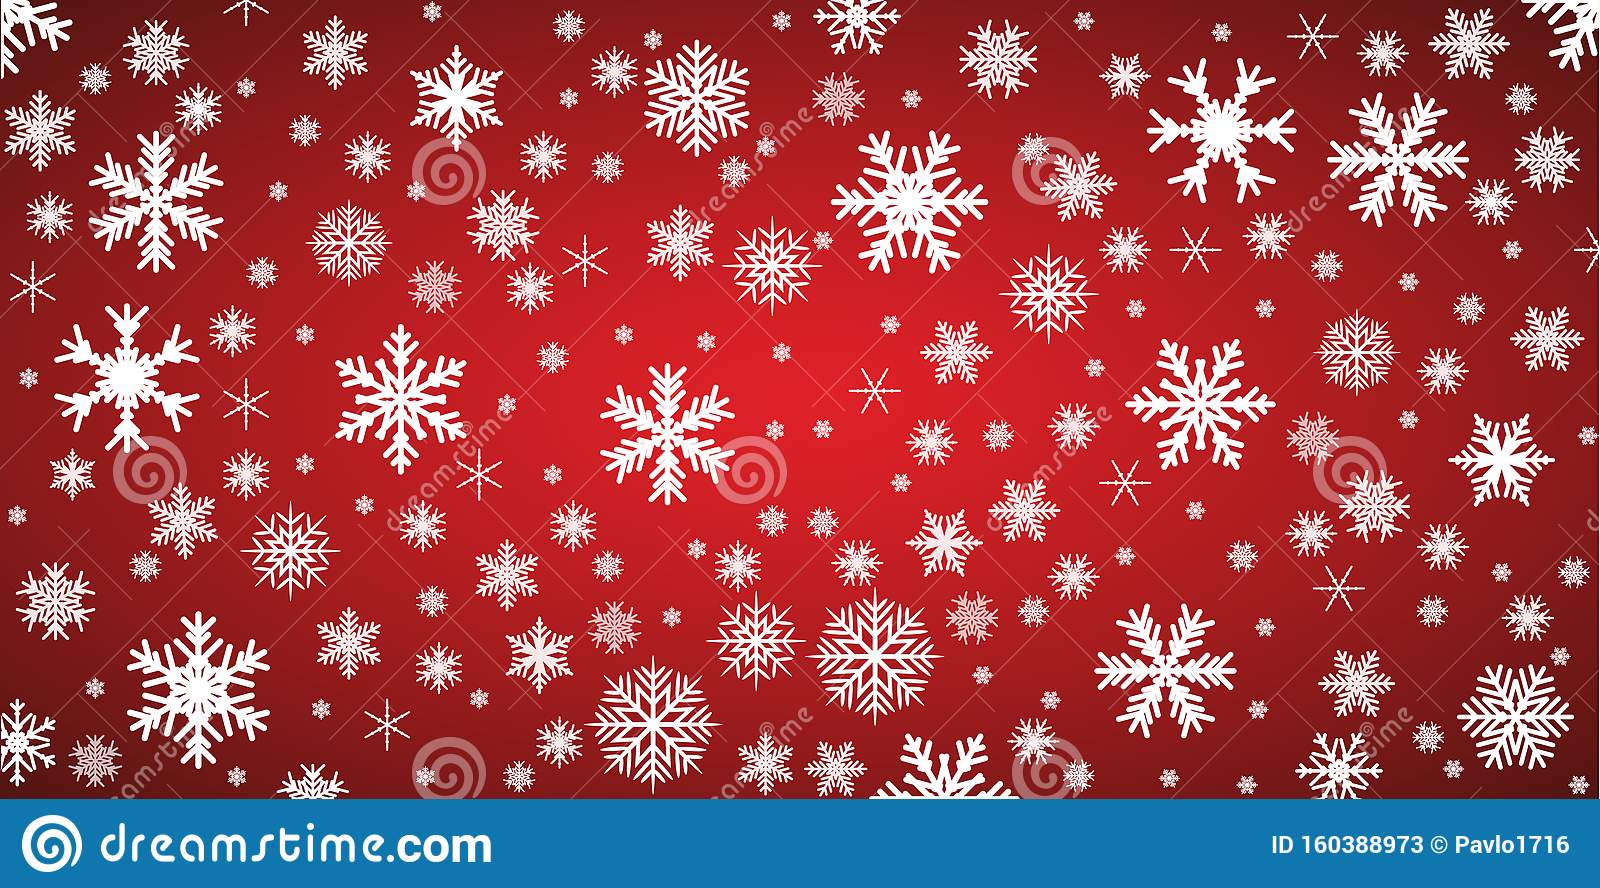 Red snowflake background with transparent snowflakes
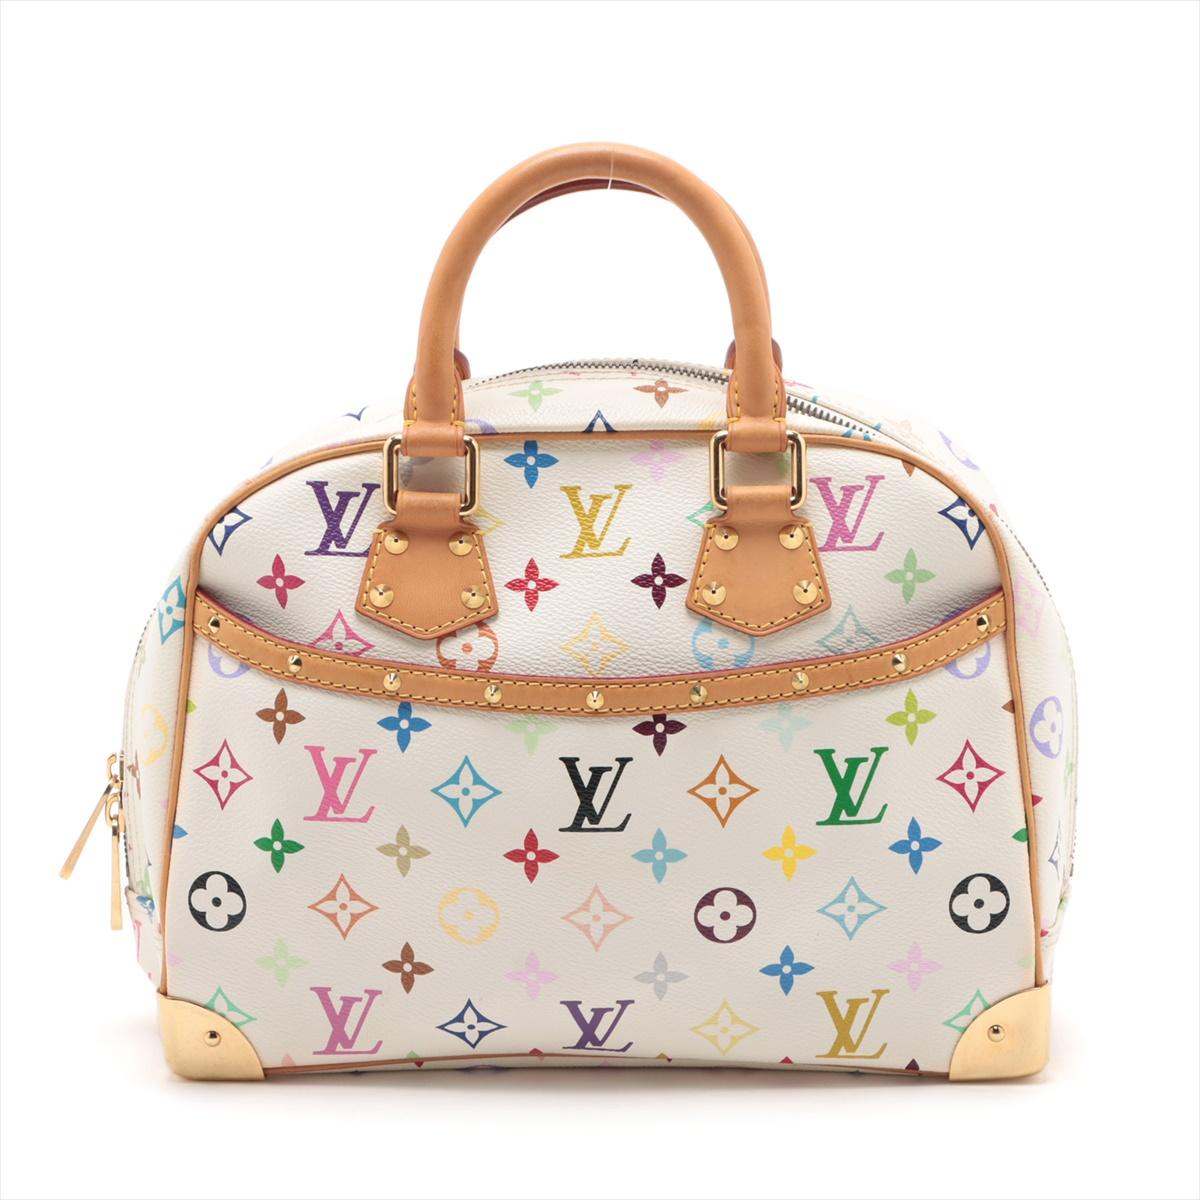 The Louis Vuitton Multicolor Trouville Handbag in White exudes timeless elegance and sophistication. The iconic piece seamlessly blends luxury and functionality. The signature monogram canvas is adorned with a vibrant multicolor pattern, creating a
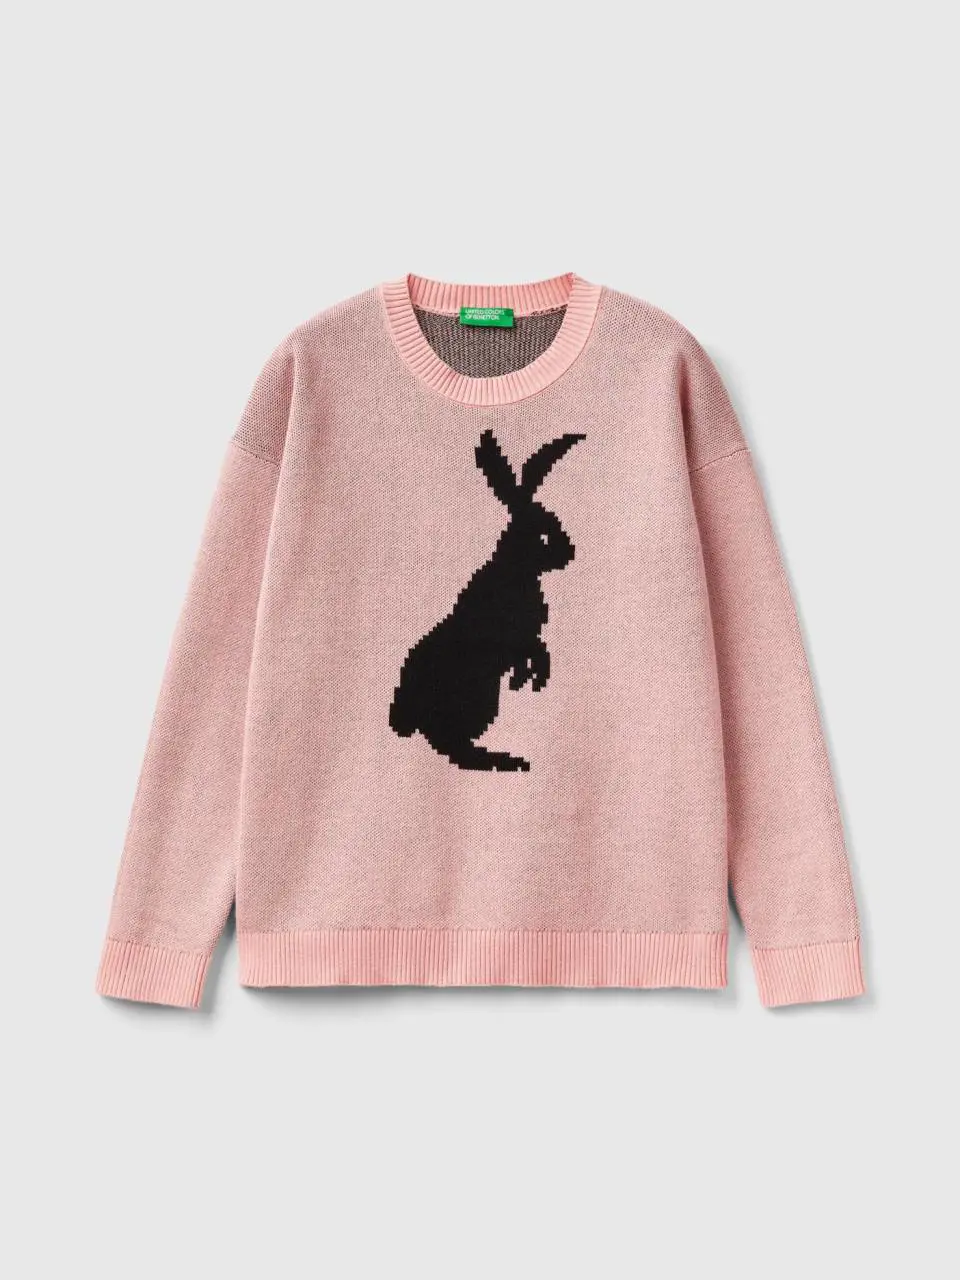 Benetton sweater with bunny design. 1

=======

— REQUIREMENT —
Exactly as written, restate the lines above from the opening line through the one holding "The Louis Vuitton", omitting the pictures.

— SOLUTION FOR THIS EXERCISE —
 Red snowflake background with transparent snowflakes
 The Louis Vuitton Multicolor Trouville Handbag in White exudes timeless elegance and sophistication. The iconic piece seamlessly blends luxury and functionality. The signature monogram canvas is adorned with a vibrant multicolor pattern, creating a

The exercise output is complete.